Kayla Jones is an artist living and working in Richmond, Virginia. She grew up birding with her dad and continued the pastime during her undergraduate career at the University of Texas at Austin. Her work, which currently explores the tension and distance between learning and knowing, is informed heavily by years of studying illustrations, memorizing calls, and staring through binoculars while trying to identify birds. When not birding or working in her studio, Kayla bakes pizzas and watches reality television. She is extremely grateful to her parents for housing her through the pandemic and for being such willing subjects in her baking experiments.

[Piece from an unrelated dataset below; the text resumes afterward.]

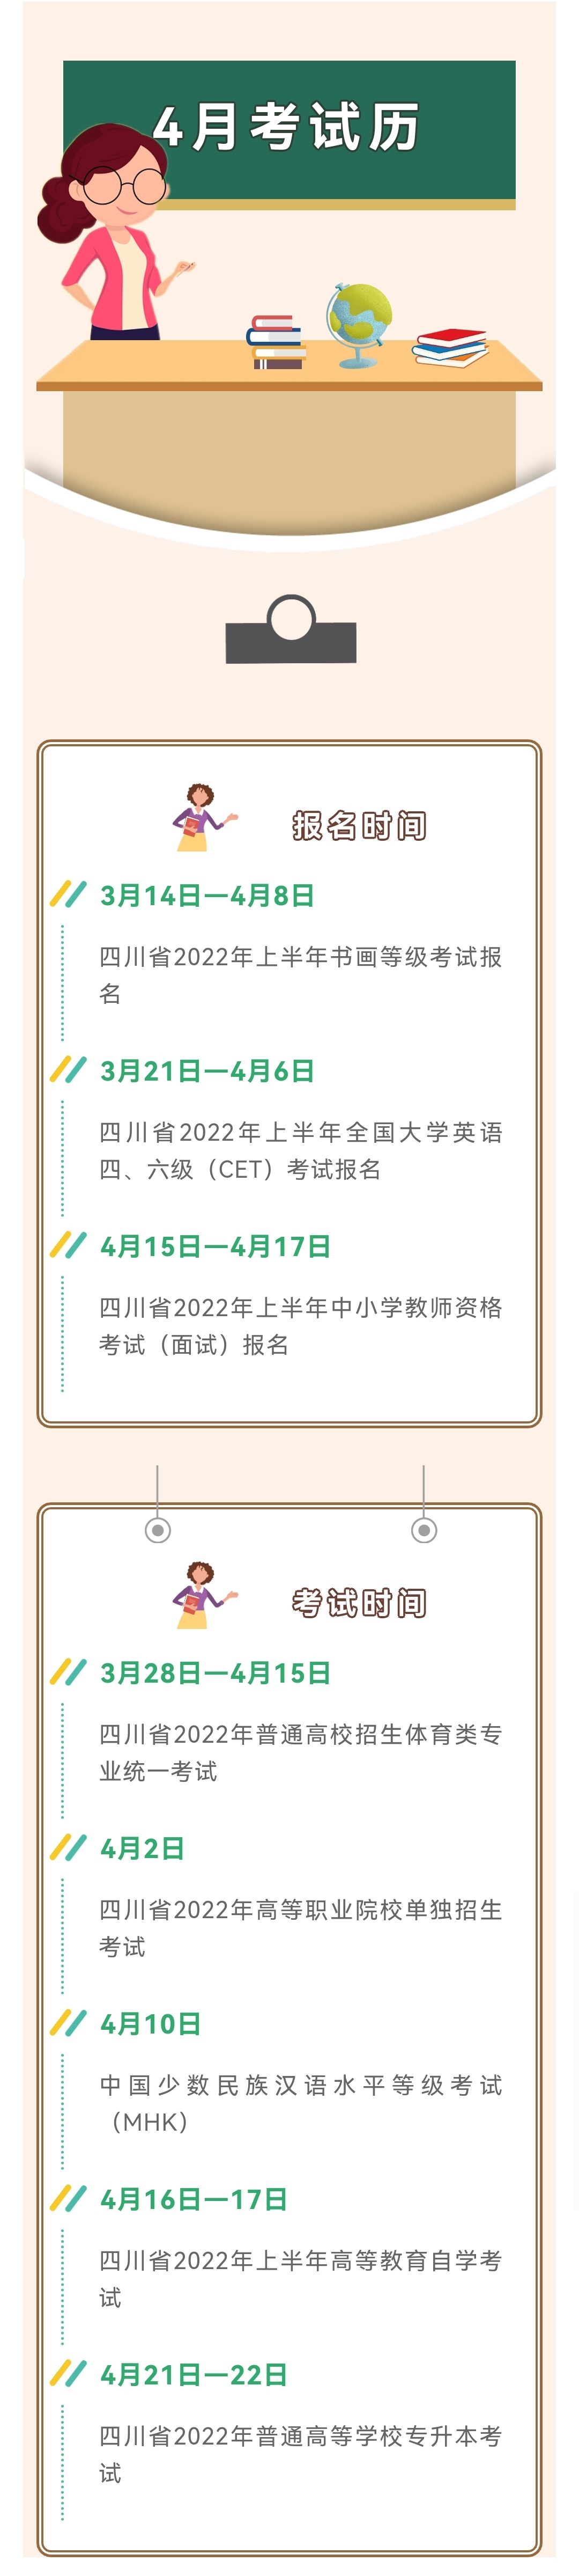 关注！2022年4月四川教育考试月历新鲜出炉！

A love of wildlife, wild places and wild people has kept Andrew Keaveney bouncing back and forth. He has worked as a nature interpreter, wildlife technician, bird guide, and conservationist, and along the way has explored a number of volunteer opportunities abroad. Andrew grew up in Ontario, where he’s known to be a twitcher, and he recently surpassed 400 species on his provincial list. When he’s not perusing through his rather impressive bird book collection, you’ll find him out exploring interests in butterflies, in Odonates, and the all-too-time-consuming hobby of mothing. His favorite places to bird are islands and cloudforests.

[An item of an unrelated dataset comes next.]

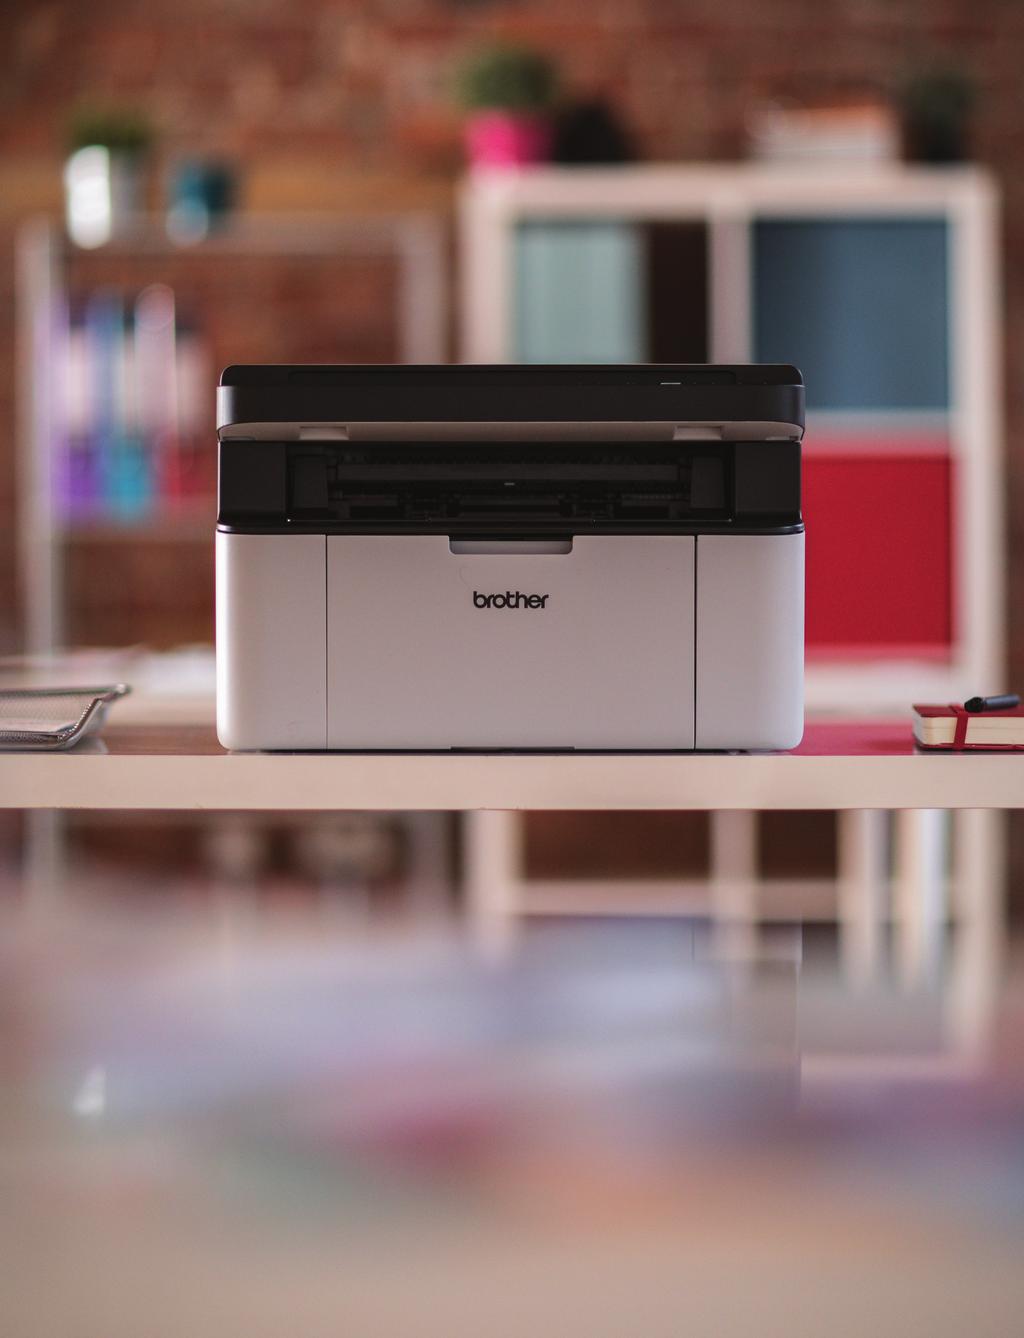 BOX Compact 3-in-1 mono laser printer

Joshua Malbin is a birder, writer, and editor who has lived in Brooklyn, New Tork for the better part of two decades. He got serious about learning his birds after being the neophyte fact-checker who let a photo of a Ruddy Duck go through labeled as a scaup in a birding magazine; in 2021 he added Dovekie as his 310th species in the borough. Since those early days in publishing, Joshua has written and edited science pieces about everything from industrial hygiene to nuclear medicine to economics. He has also written two novels set in the aftermath of a civil war over water in the American West.
Though Alex Meilleur was born in France, he is most familiar with the birds of the United States, in particular those of the Pacific Northwest, the Midwest, and Hawaii. He has also spent considerable time birding in Europe, Chile, and Japan. Alex is a University of Washington graduate and a resident of Seattle, Washington. He works in digital marketing for the outdoor industry, combining his love for birding with his other favorite outdoor activities: skiing, biking, and hiking.
Randi Minetor is the writer behind the recent reboot of Falcon Guides’ birdfinding book series. These include Birding New England (2019), Birding Florida (2021), and the new Best Easy Bird Guides series, which helps new birders identify species in U.S. national parks. She travels the U.S. with her husband, photographer Nic Minetor, in a quest to take photos of every bird species in the country. (So far, they have 415 in stock.) Randi serves on the board of the Rochester Birding Association in New York and volunteers with the New York State Breeding Bird Atlas and Genesee Land Trust.
Alison Világ is a birder, migration counter, and writer who is currently living and working in the Great Lakes region, from where she hails. She has spent the last two years at Whitefish Point Bird Observatory, at the northeasternmost limit of Michigan’s Upper Peninsula. There, amid a mosaic of cobbled beach, scrappy jack pines, and mercurial waters, she conducts a renowned waterbird count. Alison also heads the communications and outreach programs for WPBO. When she’s not at the Point, Alison is likely indulging her other love: solo canoeing.